JOHN COCKAYNE: Golf discussion feature: Managing the customer
Monsters and myths about how to keep your customers reasonably happy
The customer being a business’s most important asset seems to be a truism that too many people have forgotten. The misses in customer service seem to range from the glaring to the much less obvious. But at whatever level, all reveal a real lack of understanding about what should be happening to make customer interactions effective.
I recently had an appalling service experience when buying a new laptop. The short version of the story was that the company made a horse’s tail of what should have been a CR 101 interaction. Instead of apologising in writing for the misses (which were very real) and offering me a token of their appreciation for my taking the time to detail the issues in the form of a voucher or a similar token, the company’s customer service manager said that “this is not what we do”.

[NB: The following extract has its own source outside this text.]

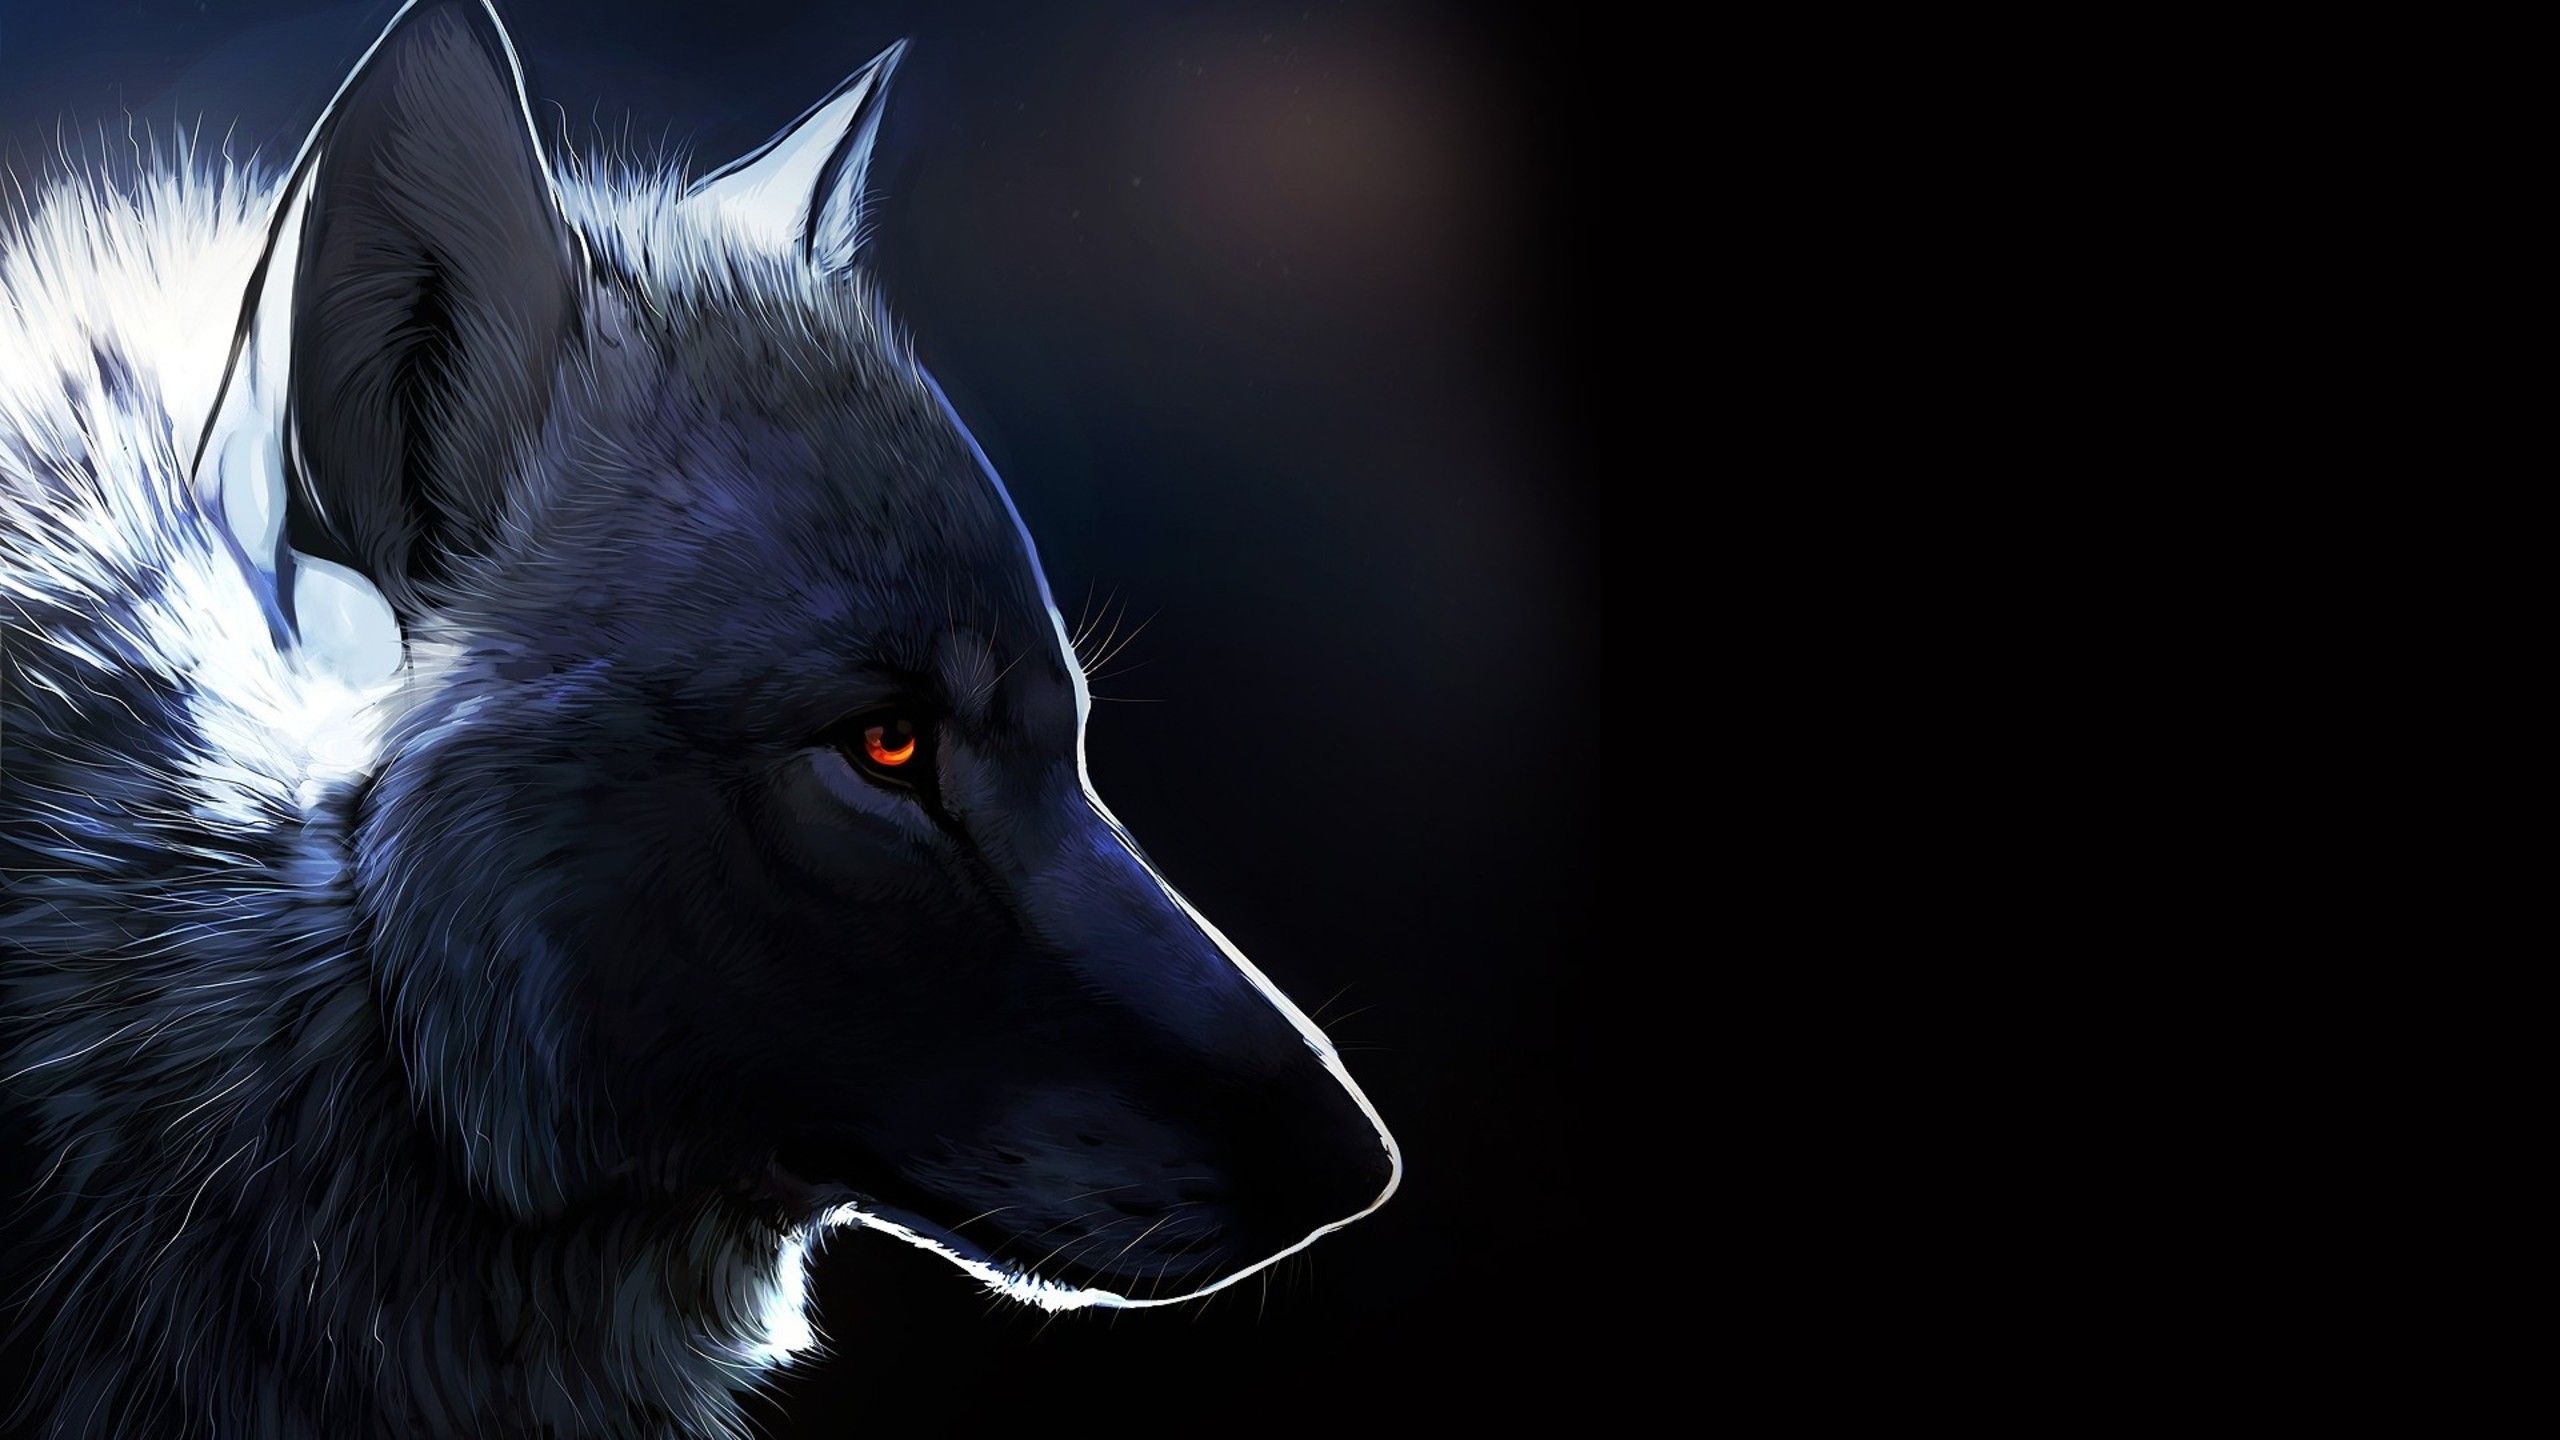 Wallpaper Download 2560x1440 Black wolf drawing creative wallpaper. Wild animals wallpaper. Animals Wallpap. Wolf wallpaper, Wolf background, Fantasy wolf

What they did eventually was to refund the sale, thereby losing R21,000 worth of business and a customer of 25 years. The apology and a voucher for say R2,000 would have brought me back into the shop to spend an estimated R5,000 more and they would have kept the original sale while retaining a customer.
To explore some of the monsters and myths around customer service, I am joined by Damian Wrigley, the country club GM at the iconic Jack Nicklaus signature course at Val De Vie in the Western Cape.
JC: Odds are that there are likely to be more bad customers than vendors, but in the context that a customer is any business’s most valuable asset, some of the misses are mind-boggling. So what is Pearl Valley’s stance in a management sense in this key area?
DW: We believe there are no bad customers, but there will be occasional instances where customers, with unrealistic expectations, take their frustrations out on club employees and in our sector, conflict resolution is a skill that can be tested regularly. My sense is that if you treat your members like royalty and your visitors like members, you will please most people.
JC: Would you agree that there are both structural and service elements in finding the best way to manage customer expectations?
DW: Definitely, and having the correct blend of services and activities in the mix is key, as are well trained staff in these areas to manage the direct engagement with the customer.
JC: Last year I recounted the experience where a golf estate’s lifestyle and customer-centric approach fell flat on its face at the first hurdle by refusing me the option to, as a non-drinker, substitute the alcoholic beverage offered as part of a lunchtime special for a soft drink.
DW: These types of mistakes are just rather silly. In this case, the special’s structure was wrong and when you combine this with service staff that are not empowered to think on their feet and be creative, the result impacts poorly on the waiter while detracting from the customer experience.
JC: Substituting items on menus seems to cause real problems. I recently enjoyed an excellent lunch at a golf club in KZN, only to see on the bill that my request for mashed potato (an existing menu option) instead of chips with my fish showed a charge for extra mash.
DW: Structural misses with menus can leave customers with a bad taste (excuse the pun) and should never happen, especially as substituting in SA is big. If it becomes a “free for all”, then it can mess up recipes and pricing. But in your example, mash, fries or potato wedges should simply fall within accepted changes. But the result was a problem at the root of which is an incorrectly structured menu.
JC: In terms of the mash, I was given a convoluted explanation about stock controls, etc, but eventually interrupted the manager by pointing out that management’s back-end issues should not be allowed to spoil my enjoyment of a meal. I suggested that a restructure of the till-point software and menu would allow for mash, chips or salad to accompany the fish.
DW: Perfect, and from a management perspective, adopting an inflexible approach to these types of requests makes no sense when trying to create good customer experiences. Substitutions can slow the kitchen, especially at peak times, so there must be a balance between flexibility and productivity, while regular menu checks will show what needs to become permanent changes. Clients ordering items that are not standard substitutions should expect upcharges, but there should also be controls that allow for flexibility.
JC: This all has echoes of the “fried or boiled” airline food era in the not-so-distant past.
DW: Yes and it amazes me that plane passengers still accept the chicken or beef options, but when they disembark and walk into a restaurant, options become the expected thing. We custom order most things and this is a sign of the times and we need to adapt to it, because if we do not, we will simply lose business to those who do.